▶ _The task_
Copy out the listing that follows, exact in every word, and skip the images.

▶ _Dataset extract_
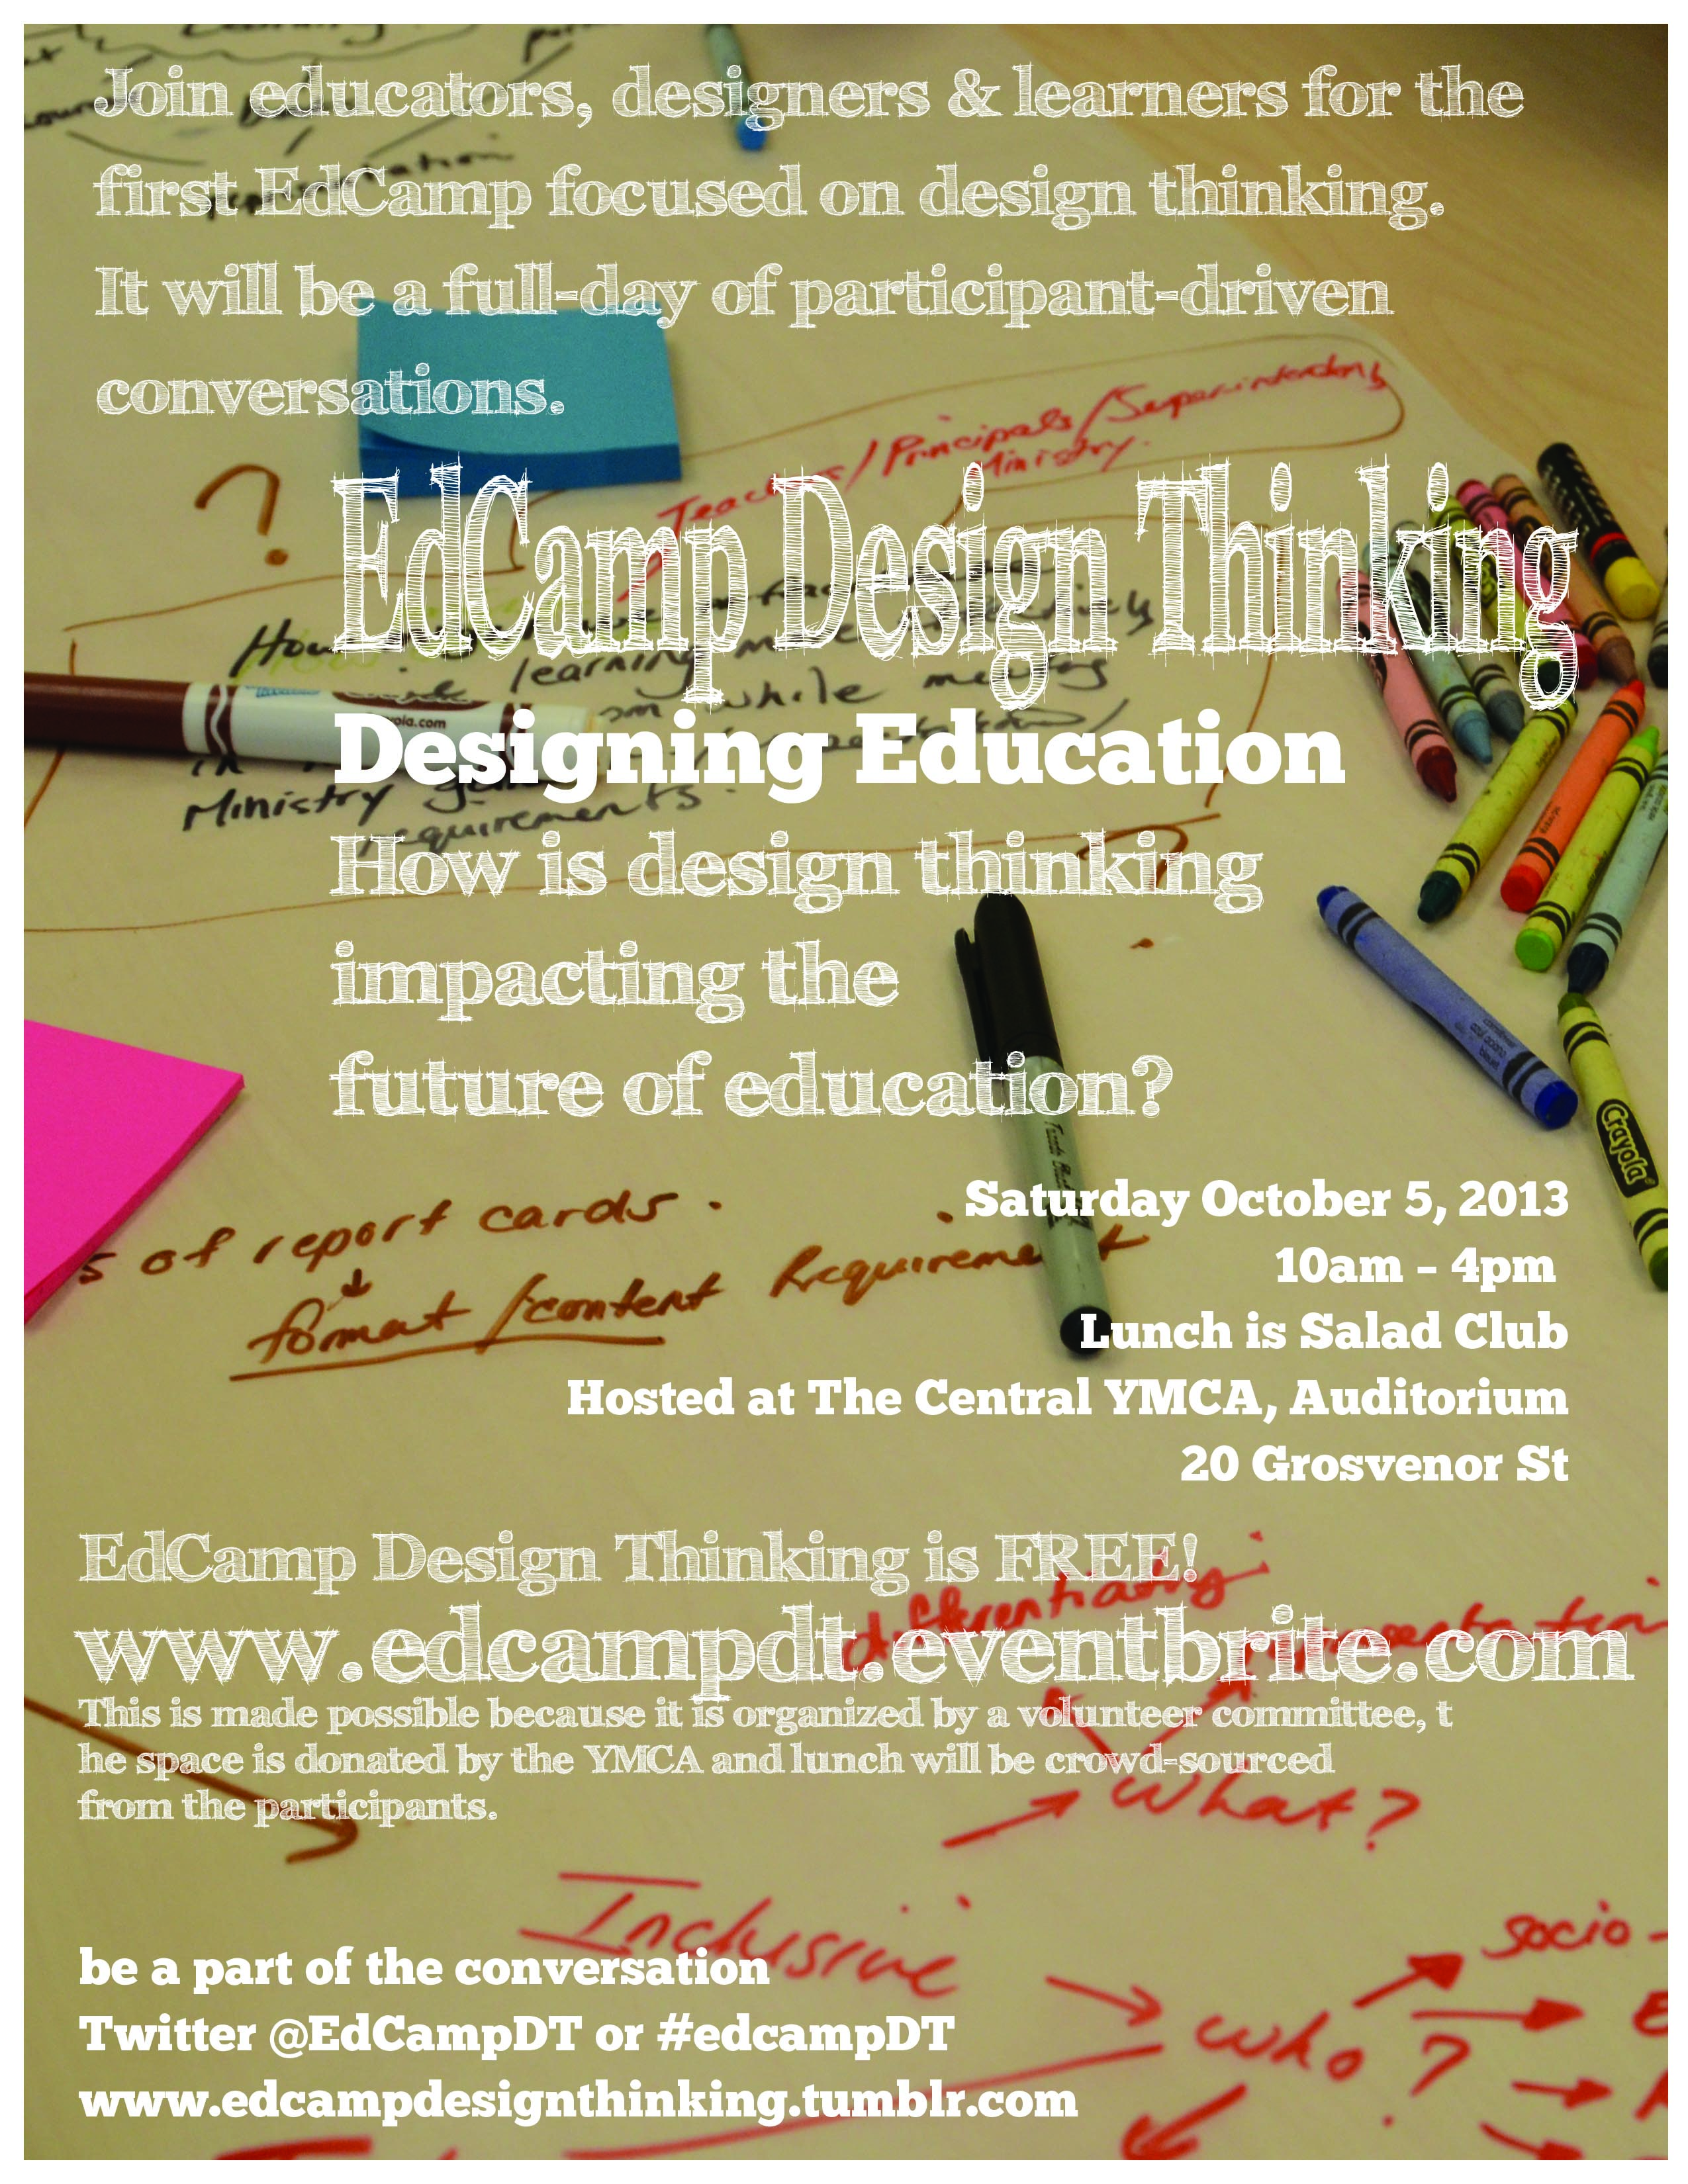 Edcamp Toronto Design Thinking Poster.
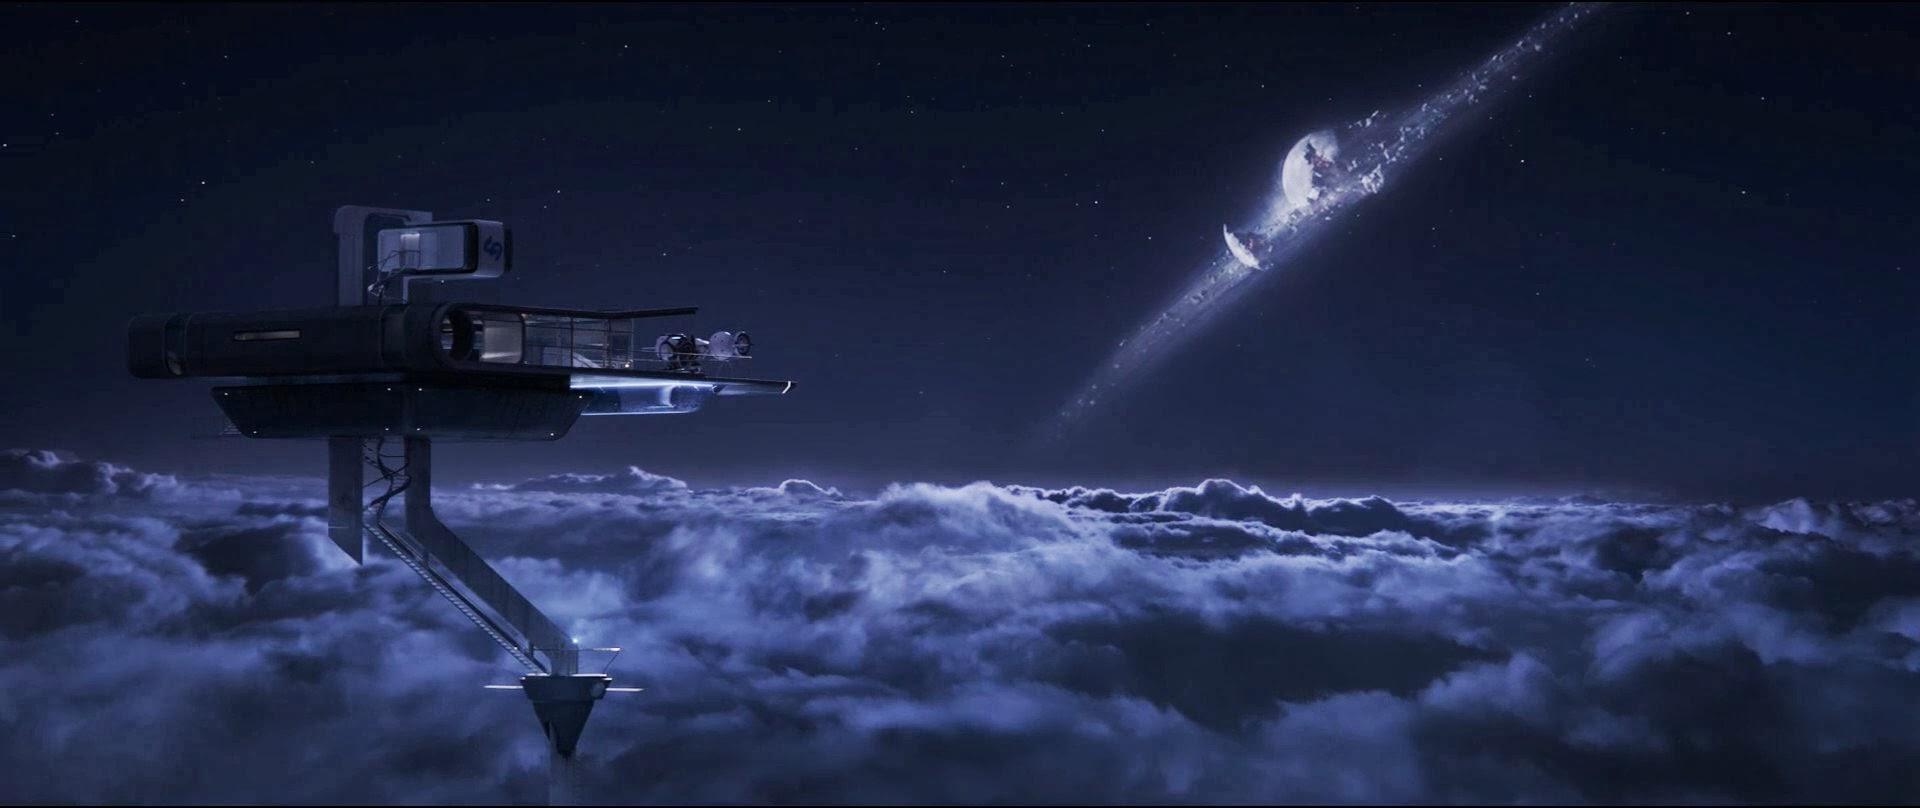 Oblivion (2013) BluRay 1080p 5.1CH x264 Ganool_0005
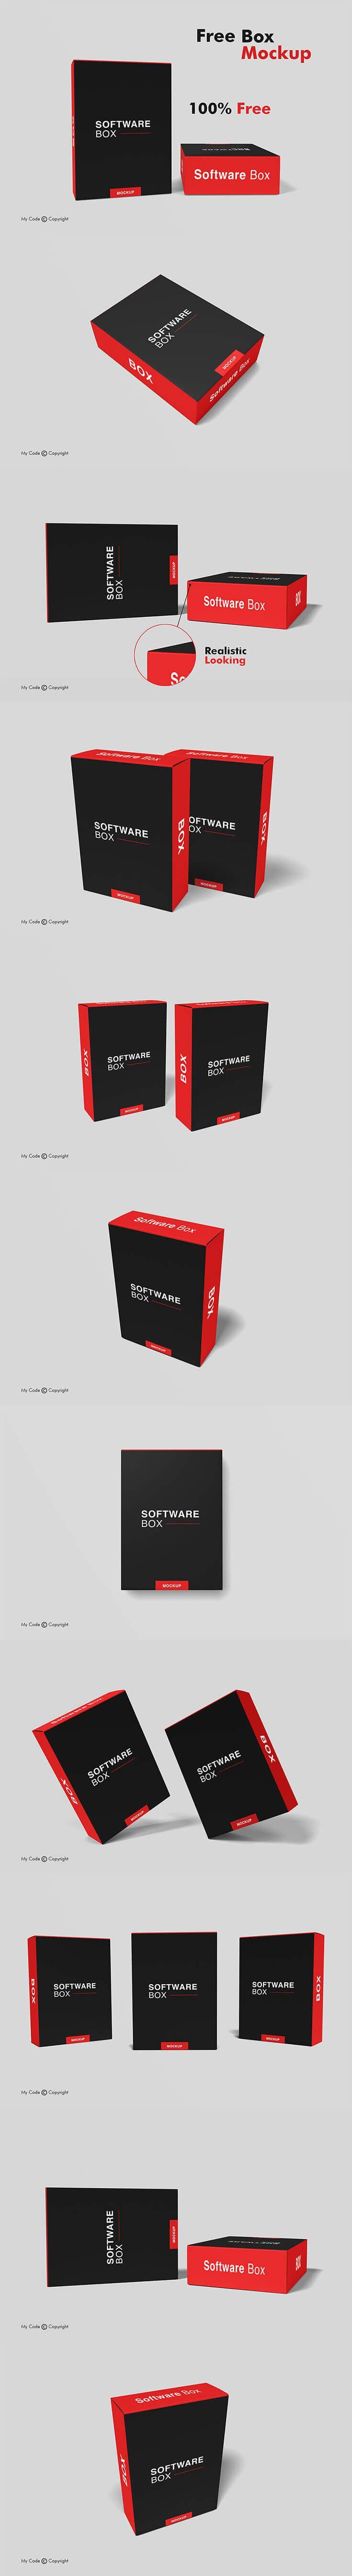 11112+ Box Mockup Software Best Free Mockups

▶ _Answer for this exercise_
 Edcamp Toronto Design Thinking Poster.
 Oblivion (2013) BluRay 1080p 5.1CH x264 Ganool_0005
 11112+ Box Mockup Software Best Free Mockups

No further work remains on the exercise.